#### PROBLEM:
Wherever a picture appears in the data below, omit it, and restate everything else word for word.

#### THE DATA:
● ● ● ● ● ● ●

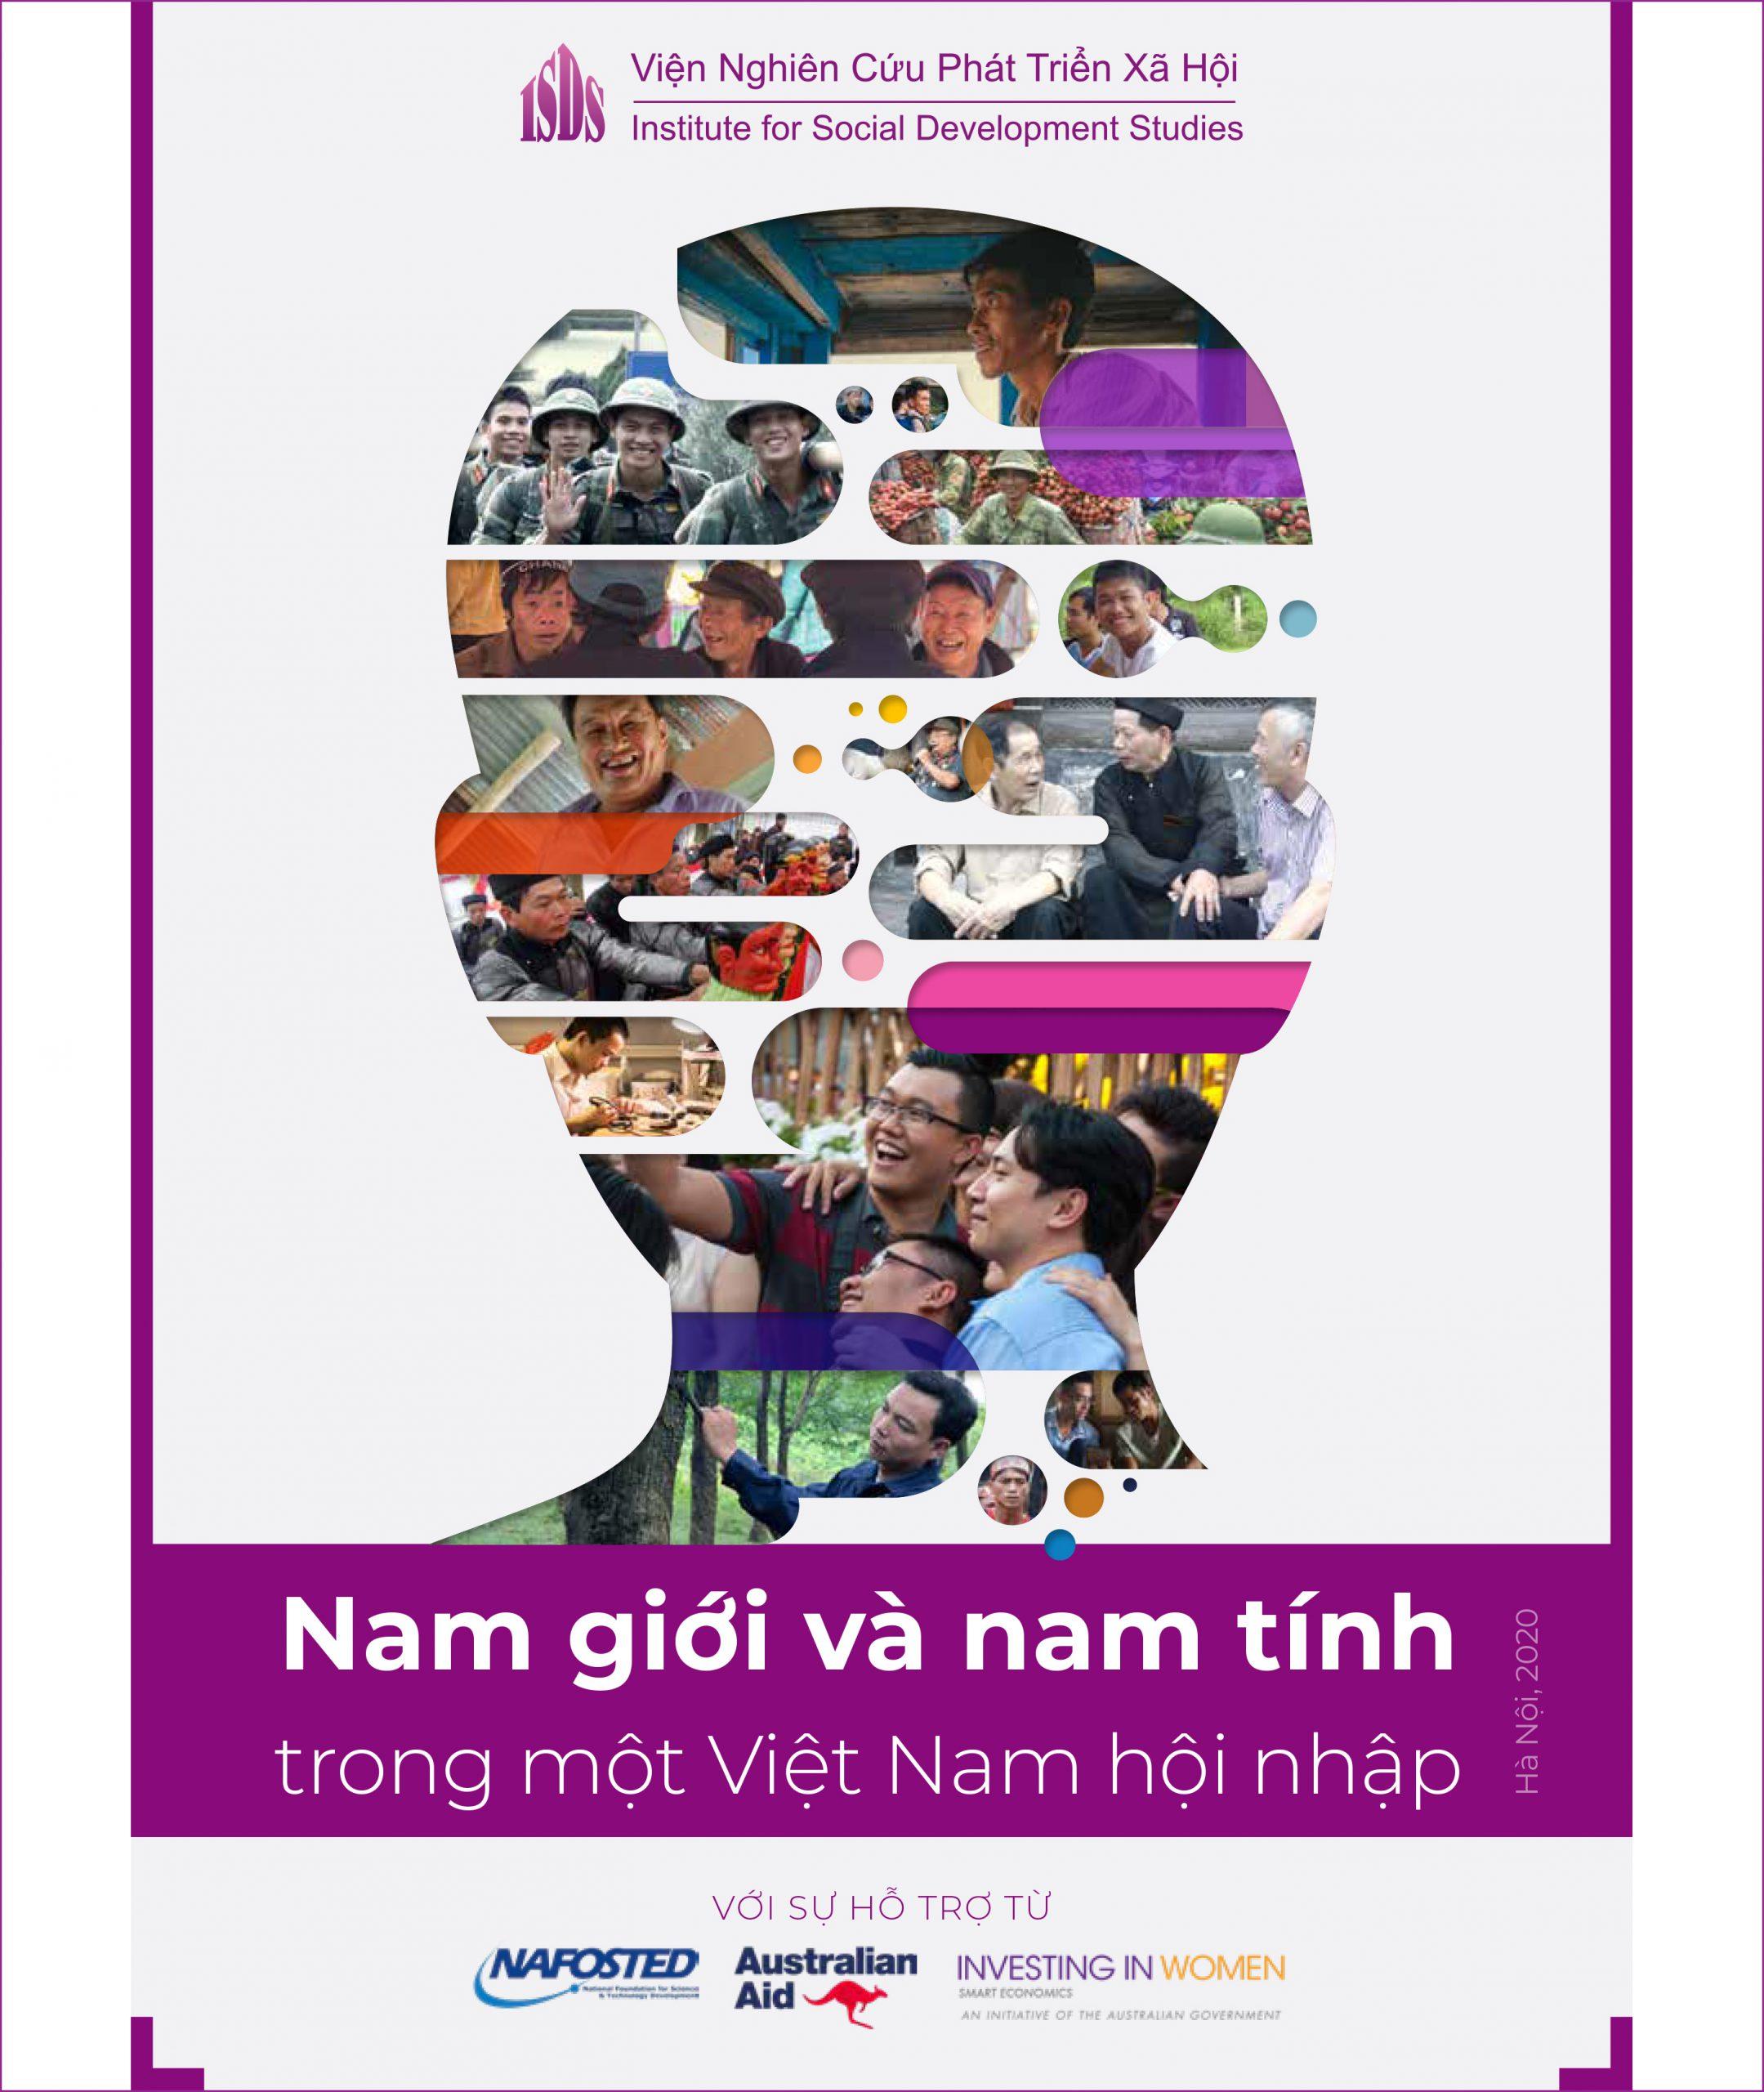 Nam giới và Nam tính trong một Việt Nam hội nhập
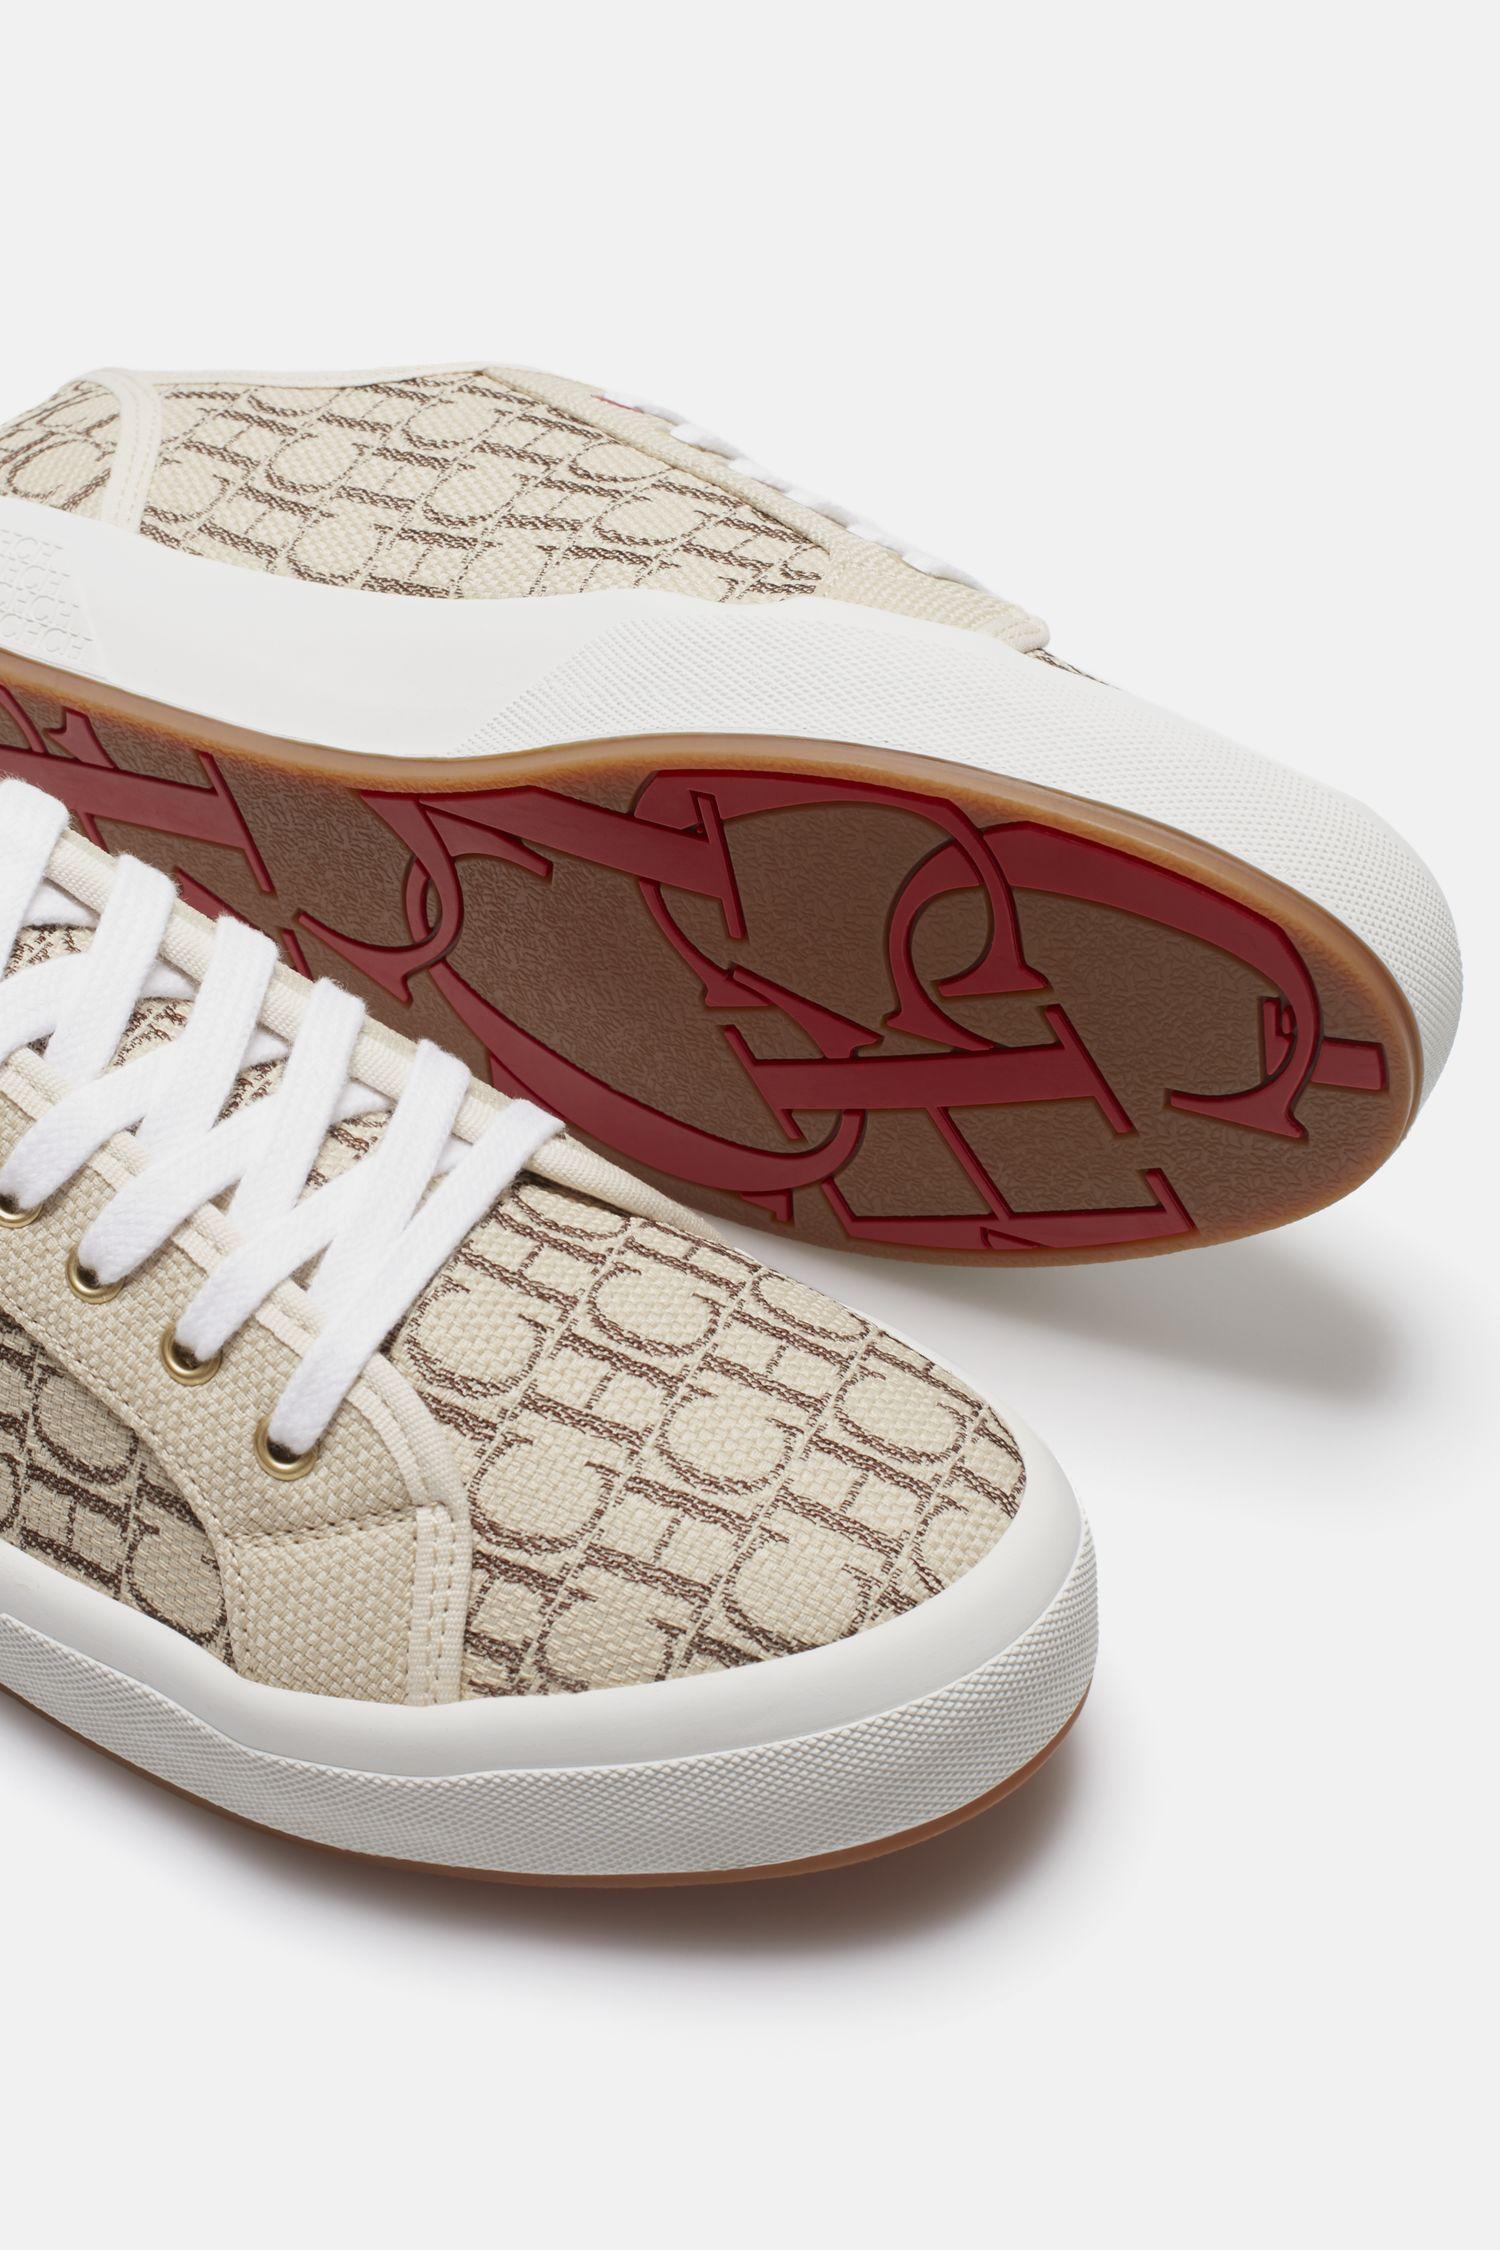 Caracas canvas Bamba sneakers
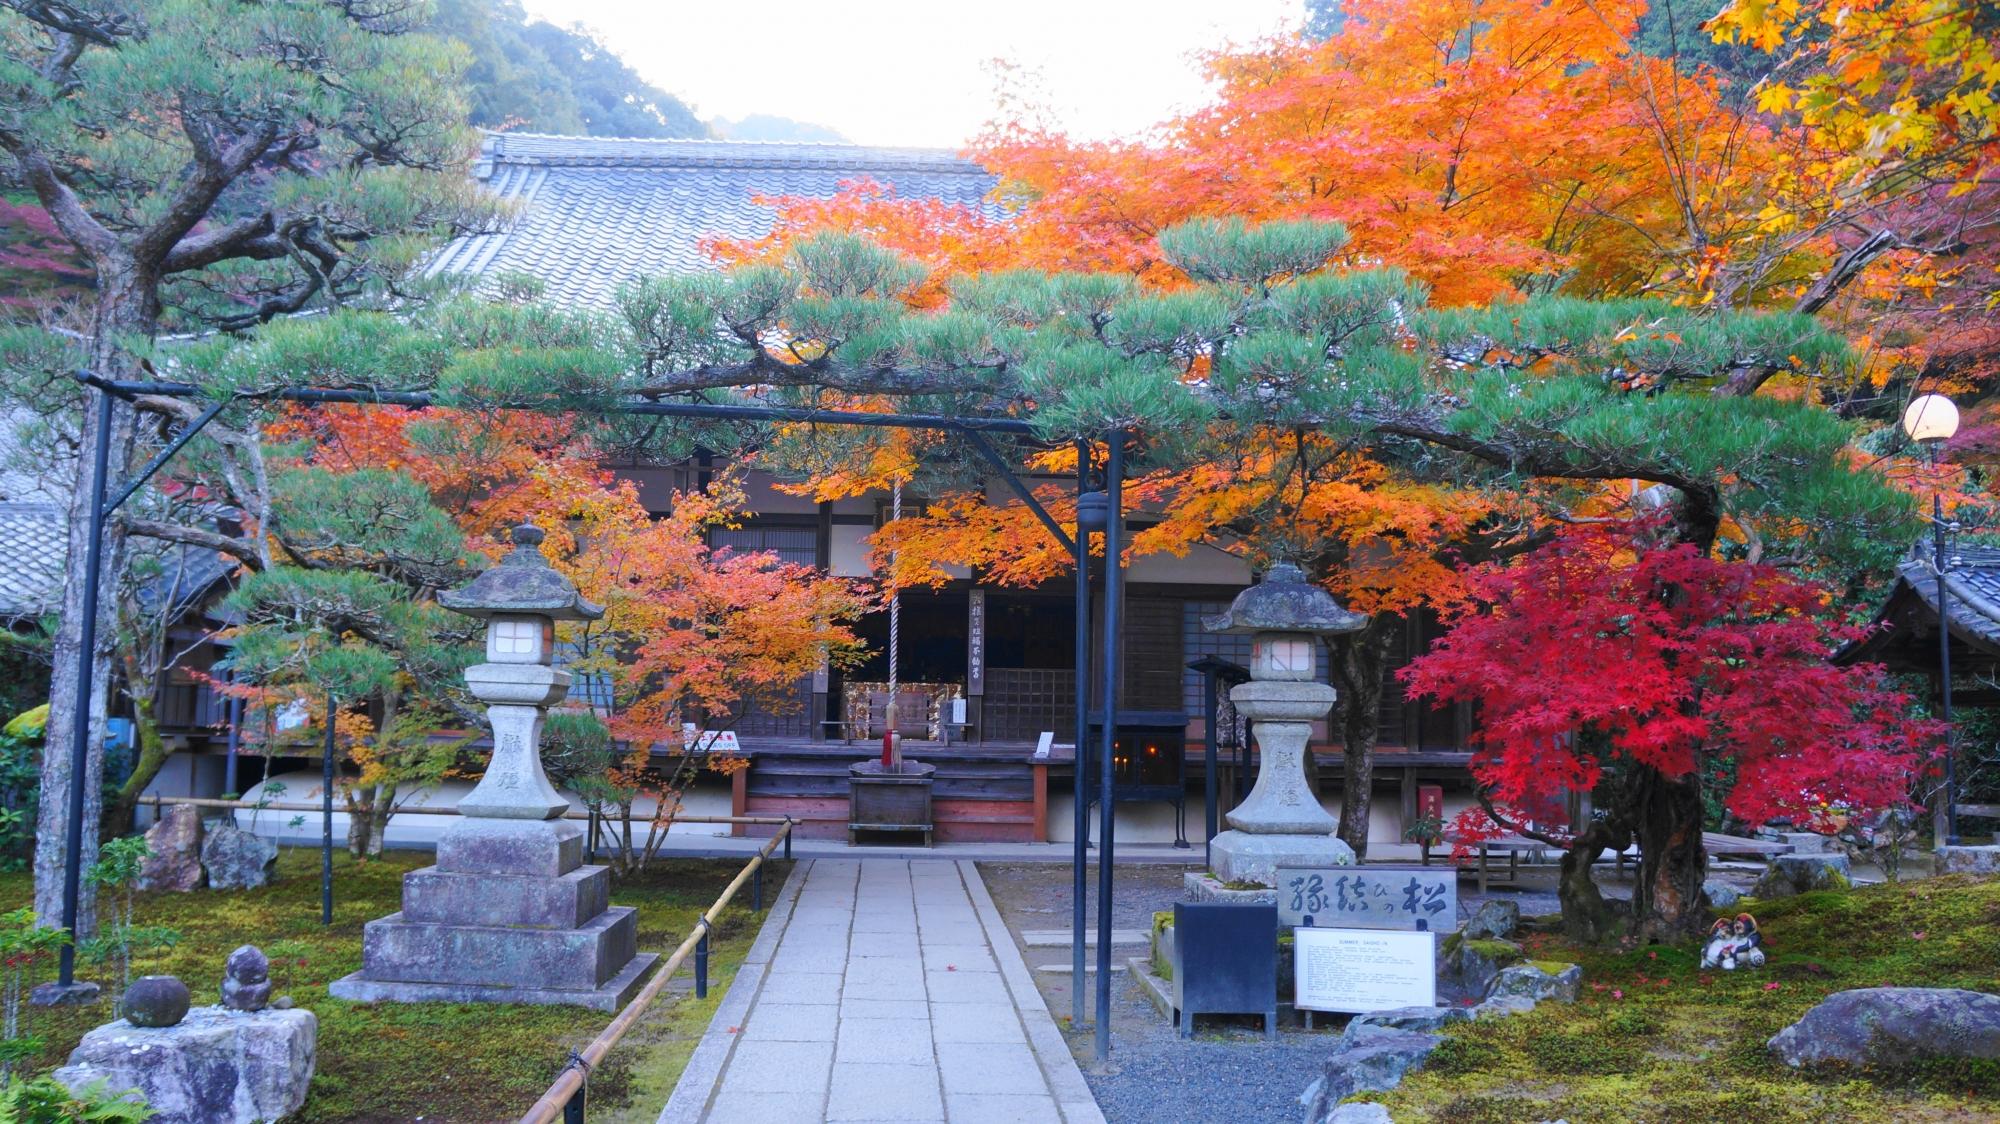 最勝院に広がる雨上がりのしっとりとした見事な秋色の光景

● ● ● ● ● ● ●

#### ANSWER BOX:
 Nam giới và Nam tính trong một Việt Nam hội nhập
 Caracas canvas Bamba sneakers
 最勝院に広がる雨上がりのしっとりとした見事な秋色の光景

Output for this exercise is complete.